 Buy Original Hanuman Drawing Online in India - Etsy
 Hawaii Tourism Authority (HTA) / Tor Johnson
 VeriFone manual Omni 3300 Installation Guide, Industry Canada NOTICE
================
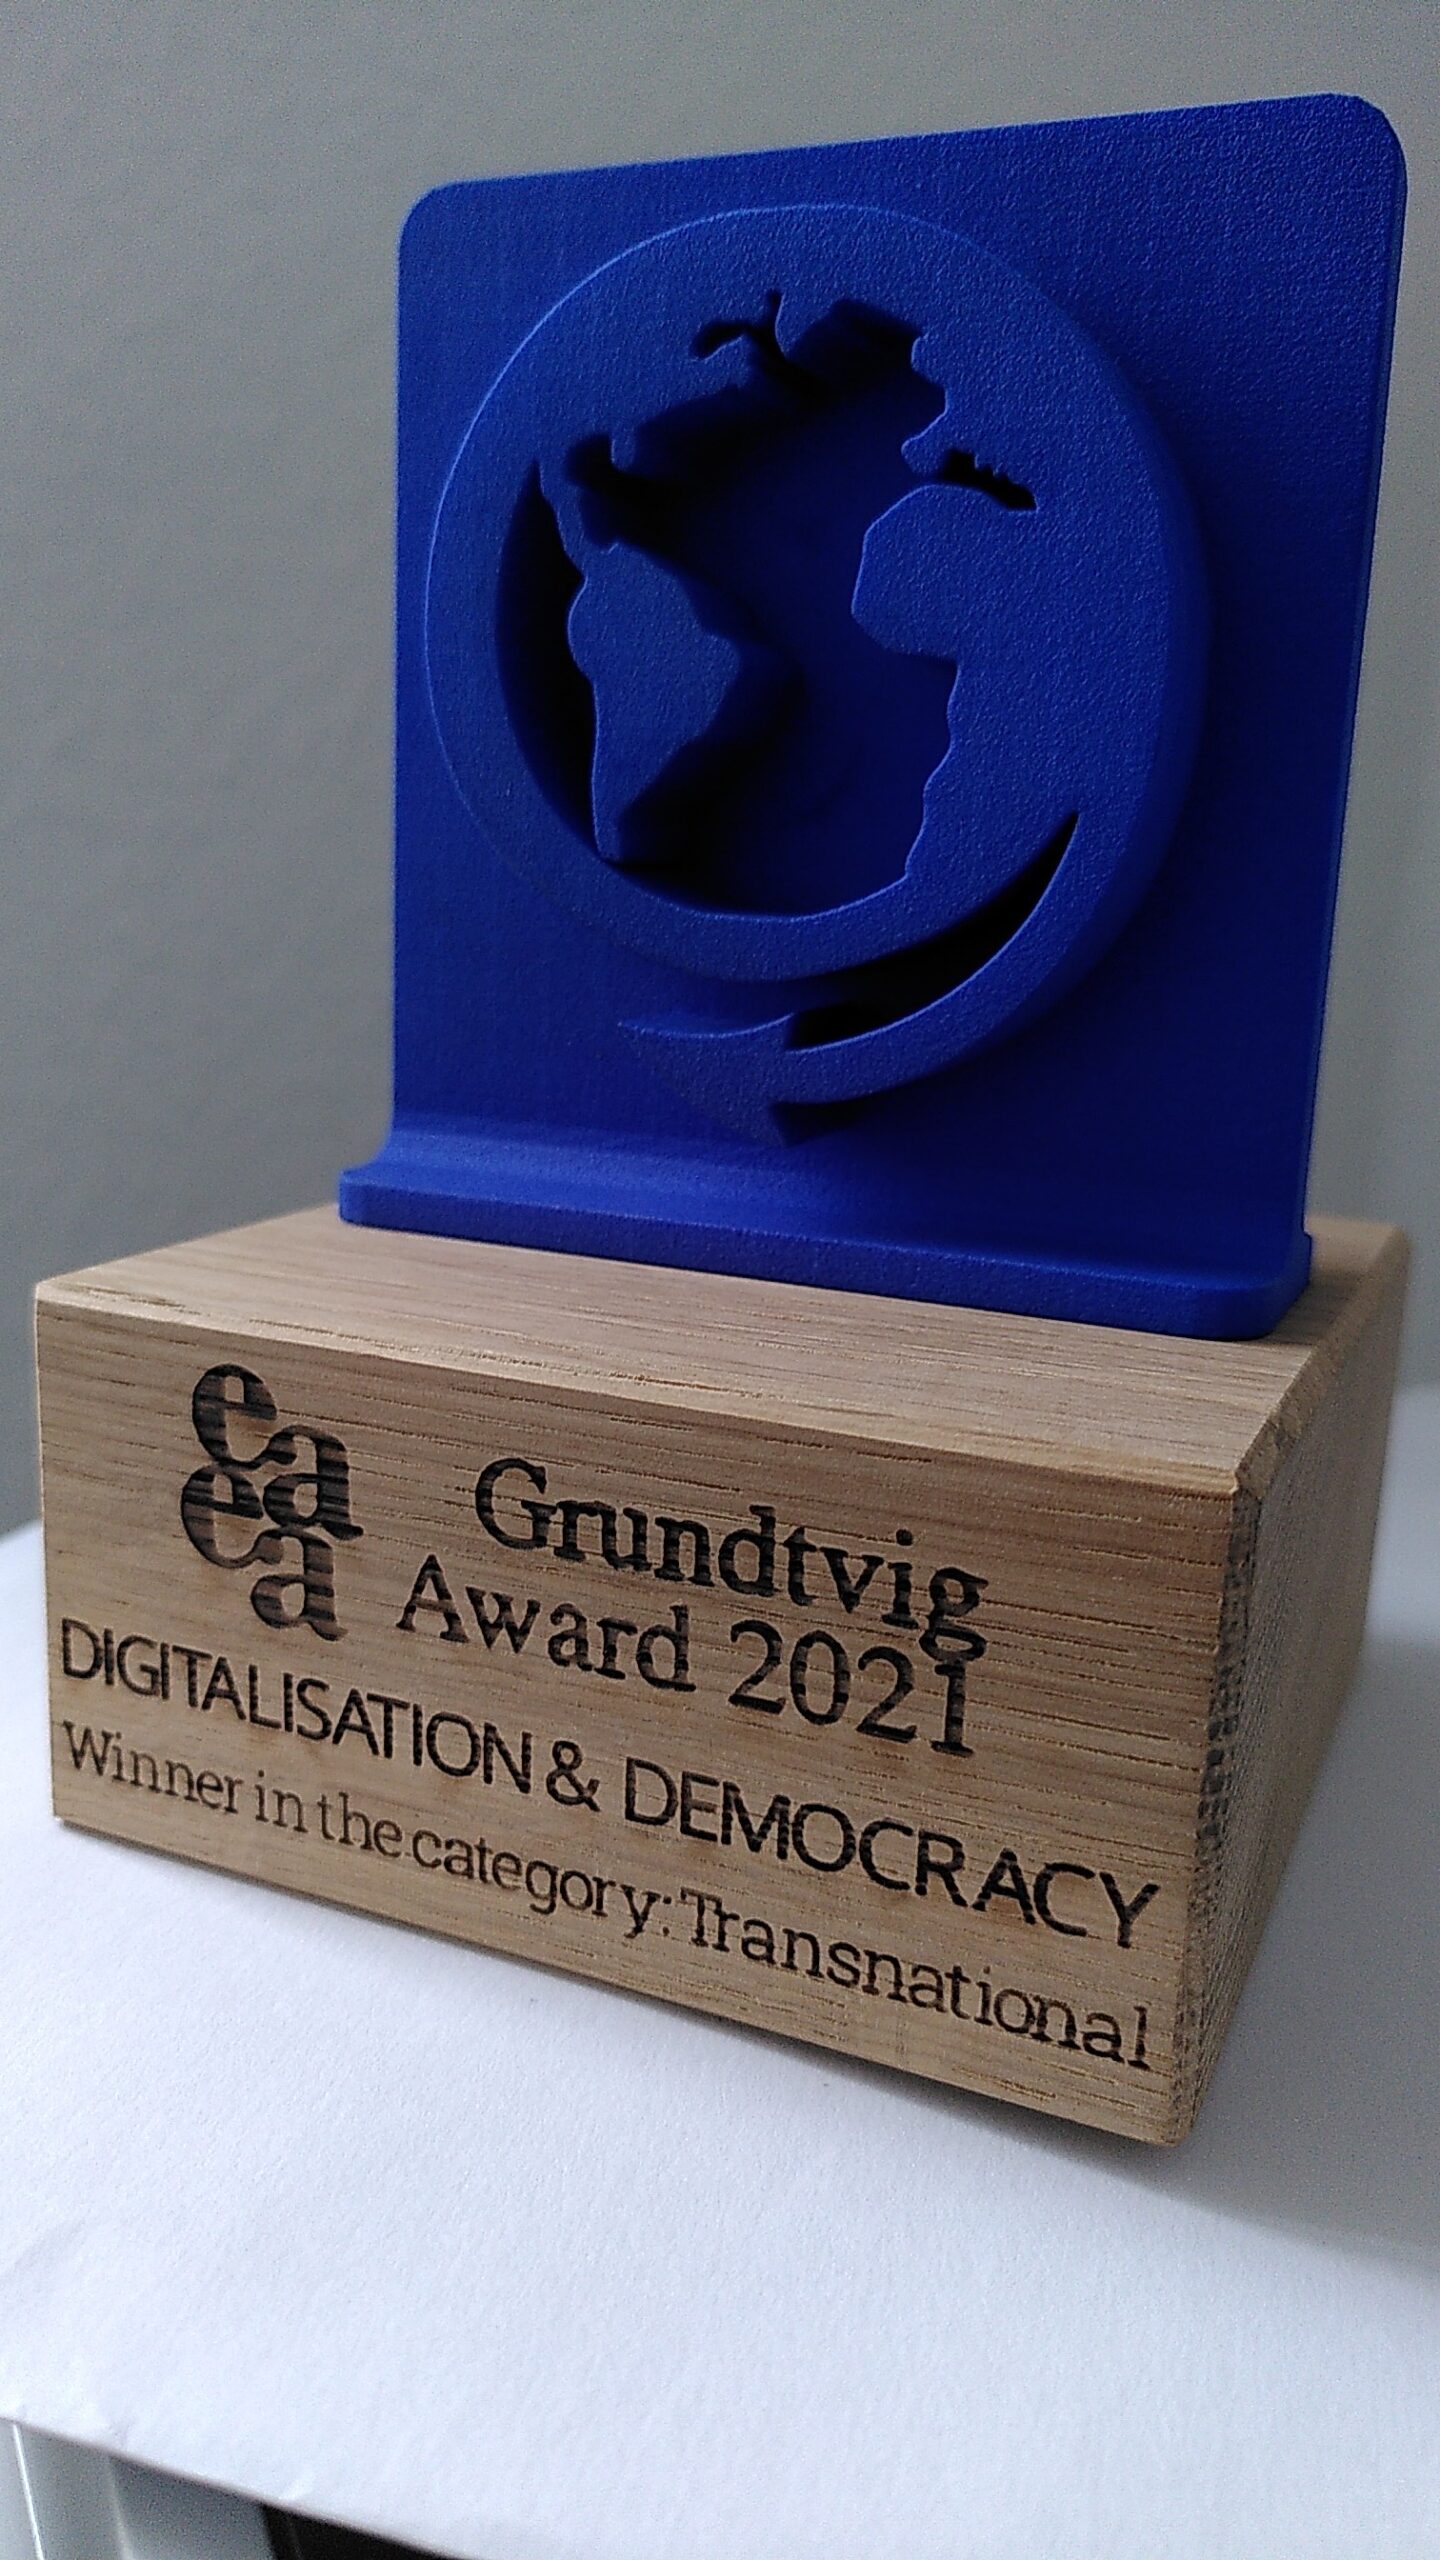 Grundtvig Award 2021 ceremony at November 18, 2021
================
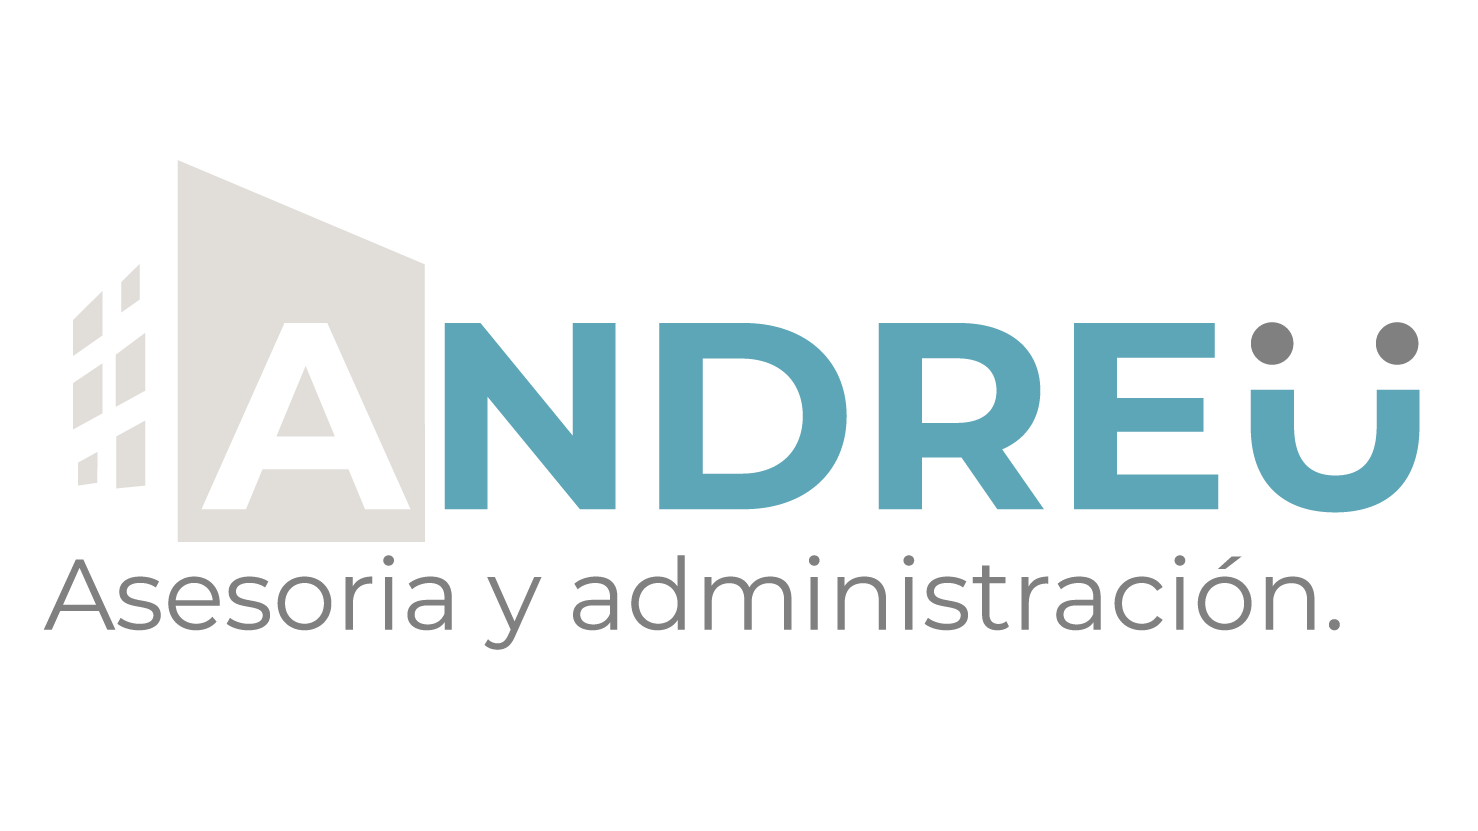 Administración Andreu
================
EXERCISE DETAILS: Working from the material above, retype exactly the lines from the one with "Buy Original Hanuman" through the one with "VeriFone manual Omni", both included, and only those lines.

ANSWER SPACE:
 Buy Original Hanuman Drawing Online in India - Etsy
 Hawaii Tourism Authority (HTA) / Tor Johnson
 VeriFone manual Omni 3300 Installation Guide, Industry Canada NOTICE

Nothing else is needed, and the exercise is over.